> **What is needed**: Repeat the data exactly. Pictures are not part of the copy.
(Given information Opens)
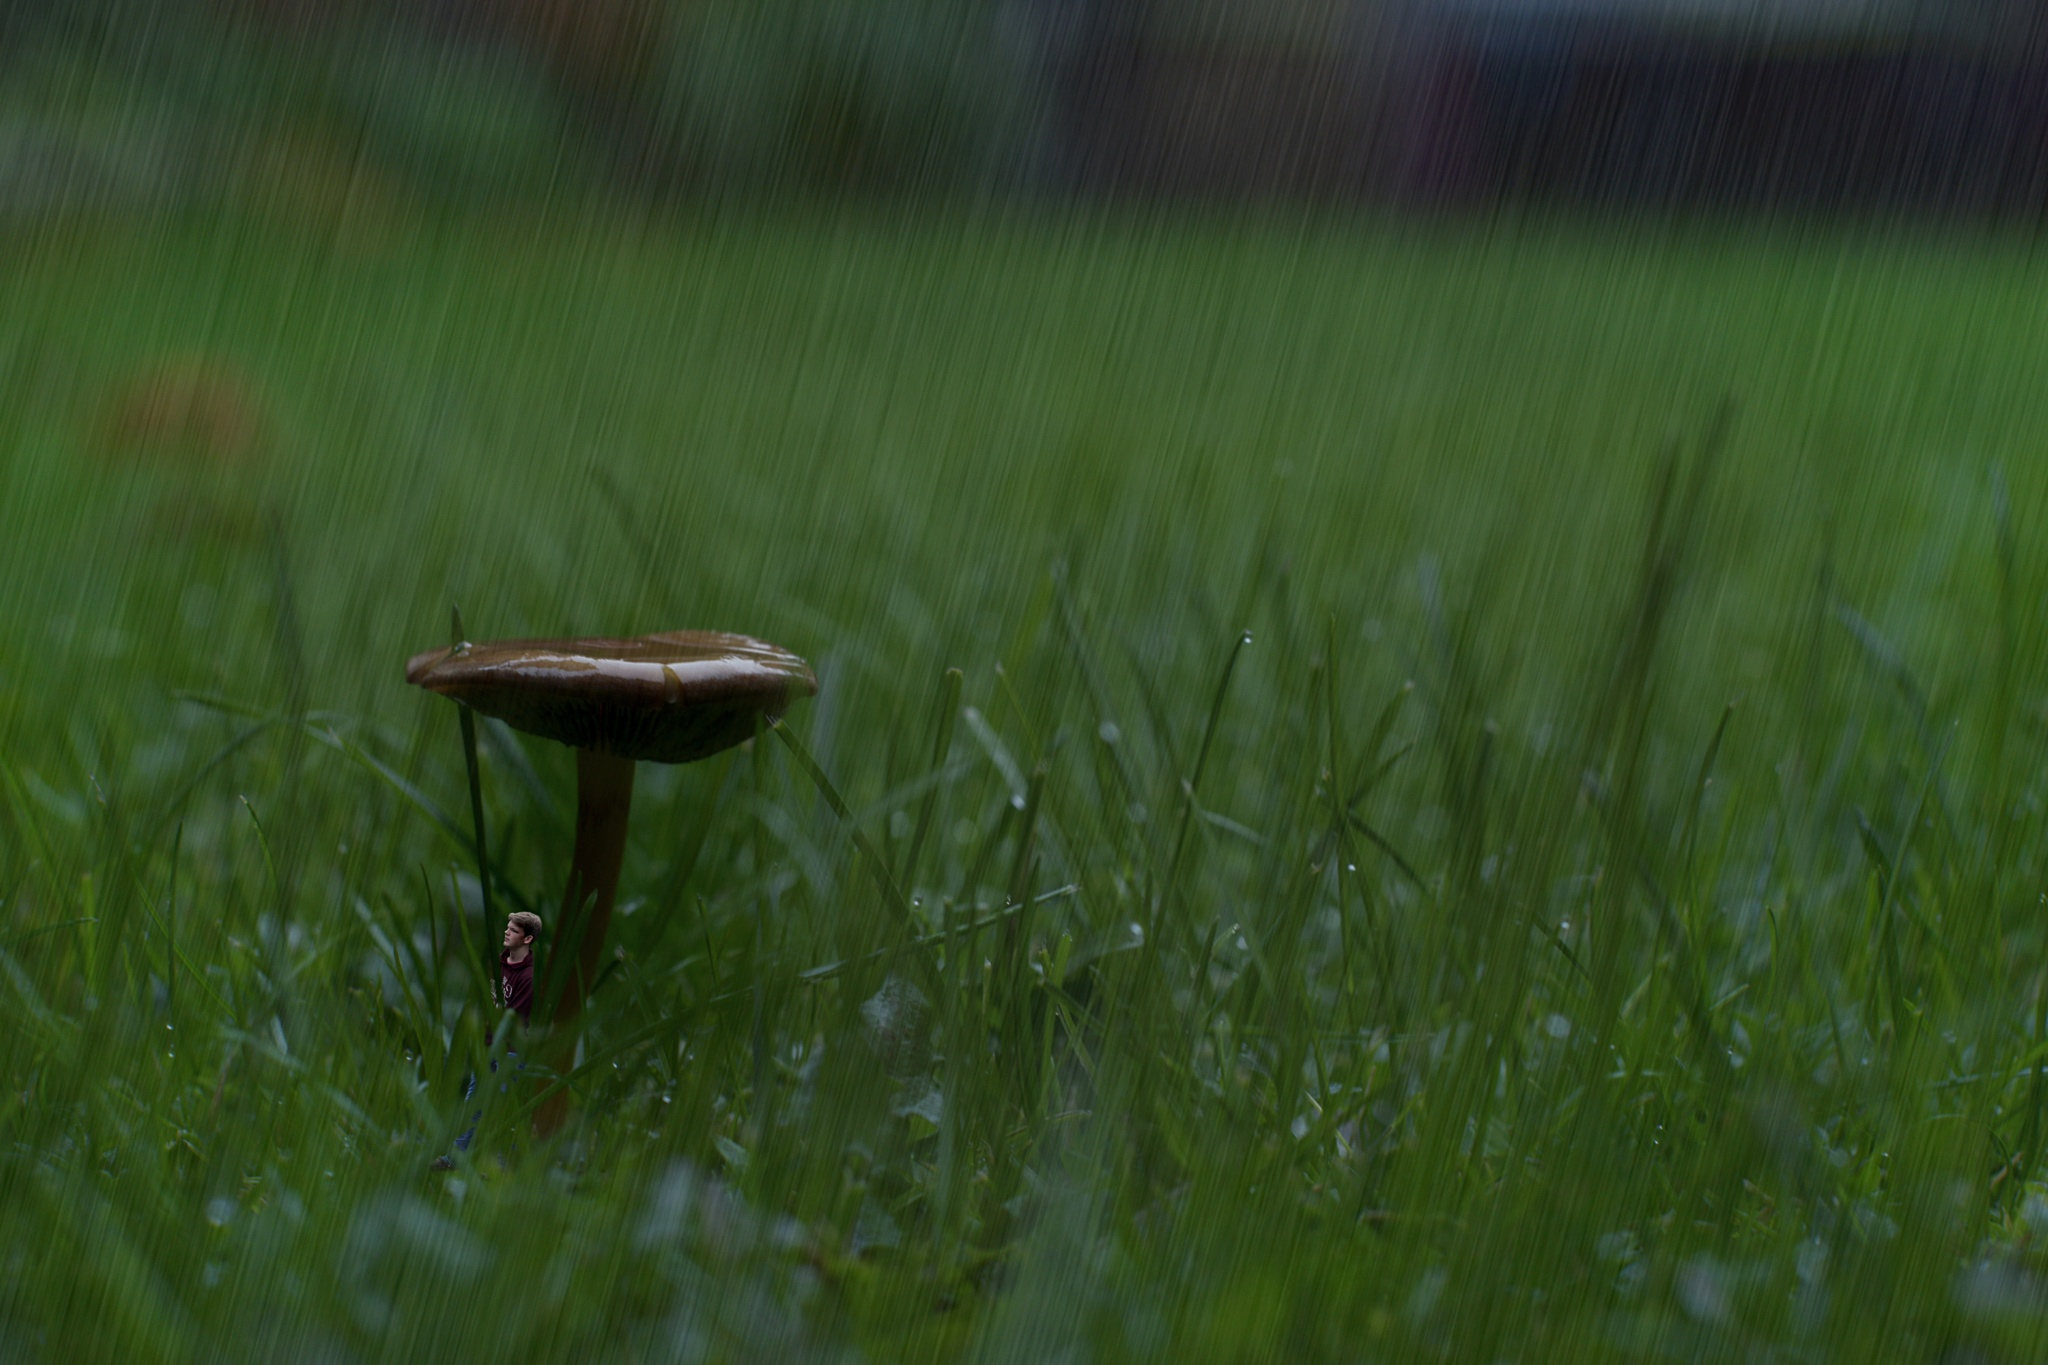 Rain mushroom by LouisBlawert
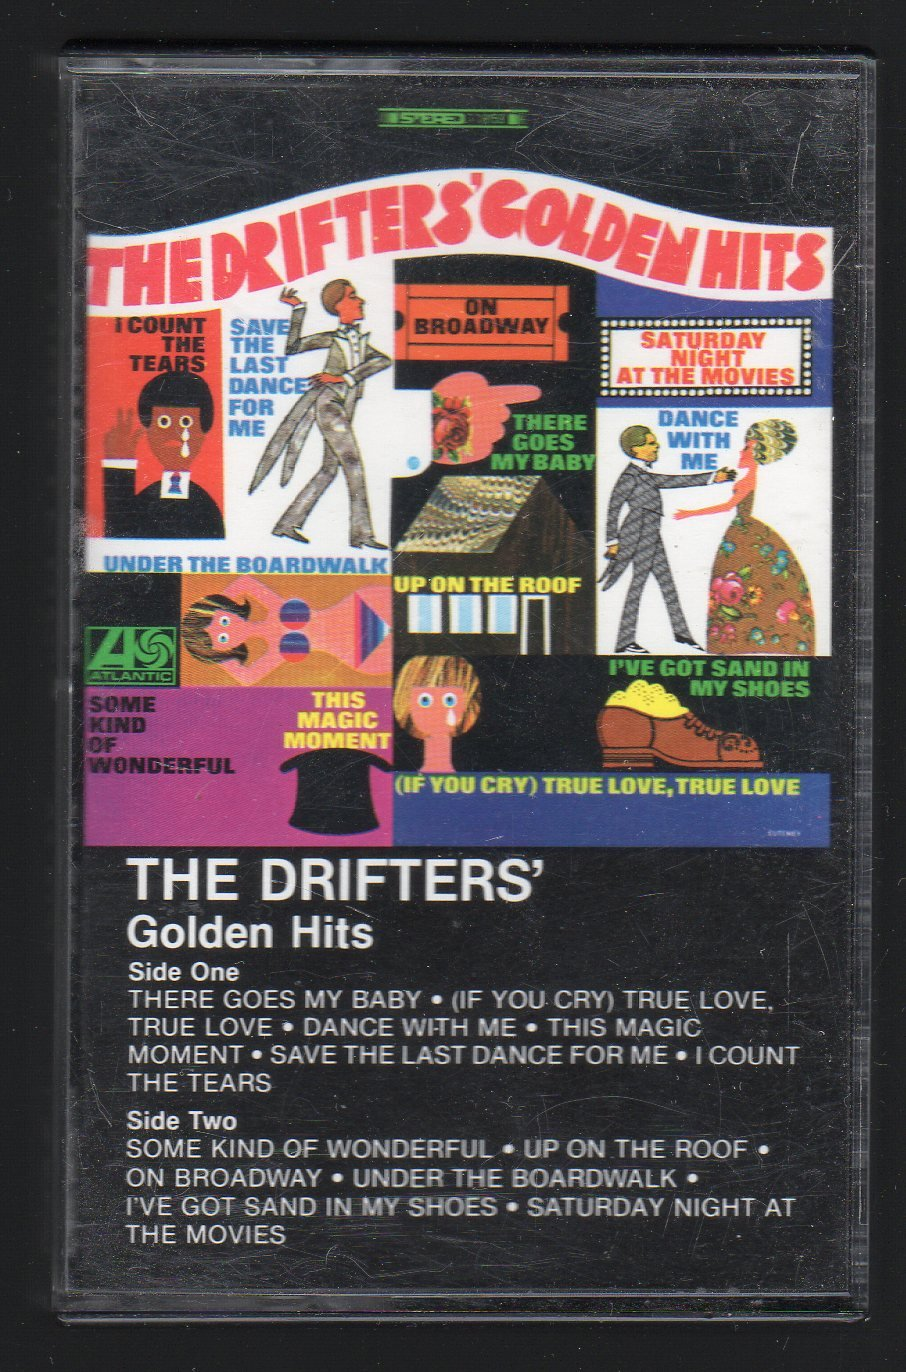 The Drifters - Golden Hits C4 Cassette Tape
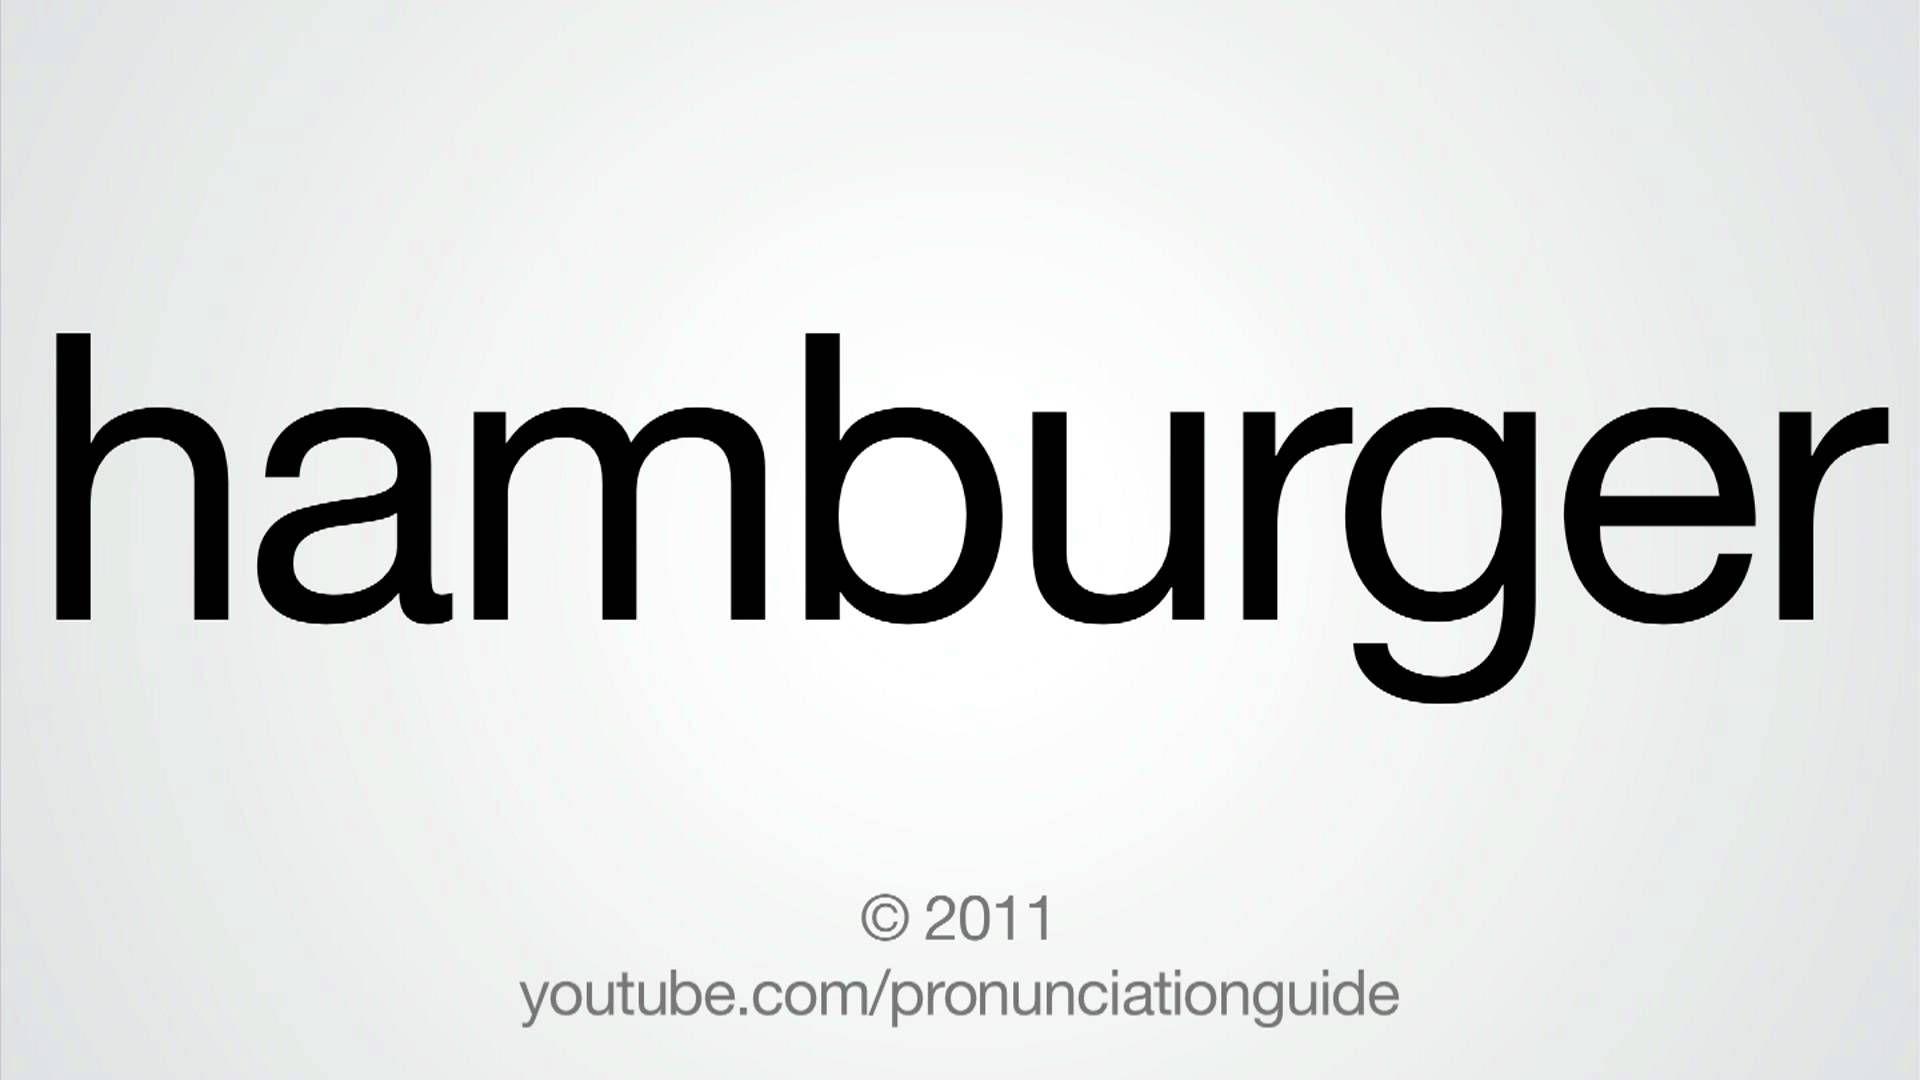 How To Pronounce Hamburger Https Www Youtube Com Watch V Luvu0bftmh8 How To Pronounce Humor Sayings
(Given information Closes)
> **Exercise result**:
 Rain mushroom by LouisBlawert
 The Drifters - Golden Hits C4 Cassette Tape
 How To Pronounce Hamburger Https Www Youtube Com Watch V Luvu0bftmh8 How To Pronounce Humor Sayings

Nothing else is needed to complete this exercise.